Aug 11, 2023Aug 11, 2023

Shipping containers at the Port of Long Beach in California. Photo: Tim Rue/Getty Images

Operations at several West Coast ports were "throttled" Monday due to labor stoppages or slowdowns, the WSJ reported, as union contract negotiations between dockworkers and shipping companies dragged into a second year.

Why it matters: These kinds of work stoppages have disrupted operations at West Coast ports for months, pushing more shipping activity to the East Coast and raising painfully familiar concerns about supply chain disruptions.

The latest: Some trade groups have urged the Biden administration to get involved, but the White House on Monday said it's just monitoring the situation.

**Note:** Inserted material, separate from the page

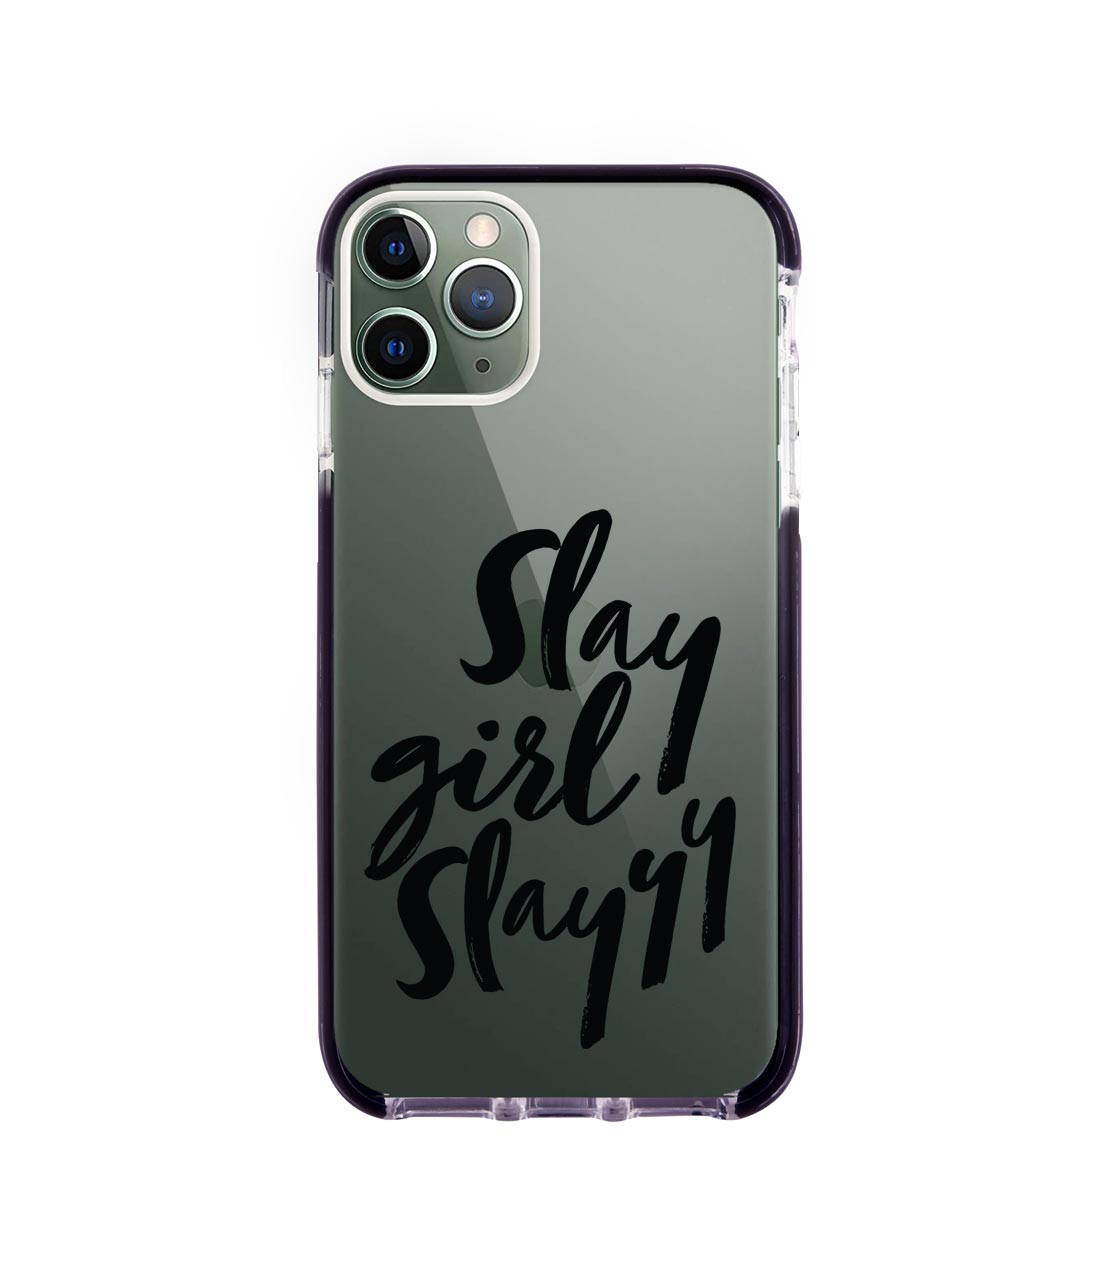 Slay girl Slay - Extreme Phone Case for iPhone 11 Pro

Zoom out: Contract talks began in May 2022 between the International Longshore and Warehouse Union (ILWU), which represents more than 22,000 workers across 29 ports from Washington state to California, and the Pacific Maritime Association (PMA), which represents shipping companies and terminal operators.

The big picture: While the economic impact of a daylong work stoppage is negligible, the drawn-out labor negotiations are tarnishing the West Coast ports' reputation as a reliable gateway of international trade, says Jock O'Connell, international trade adviser at Beacon Economics. (Beacon advises economic development agencies in California that want to see uninterrupted trade flows, but are not involved in the negotiations.)

What's next: The parties have ironed out a few issues — even coming to terms on automation — but the thorniest issue remains: wages.

Context: The shipping industry saw astonishing profits over the past three years, and the unions want to see some of that money.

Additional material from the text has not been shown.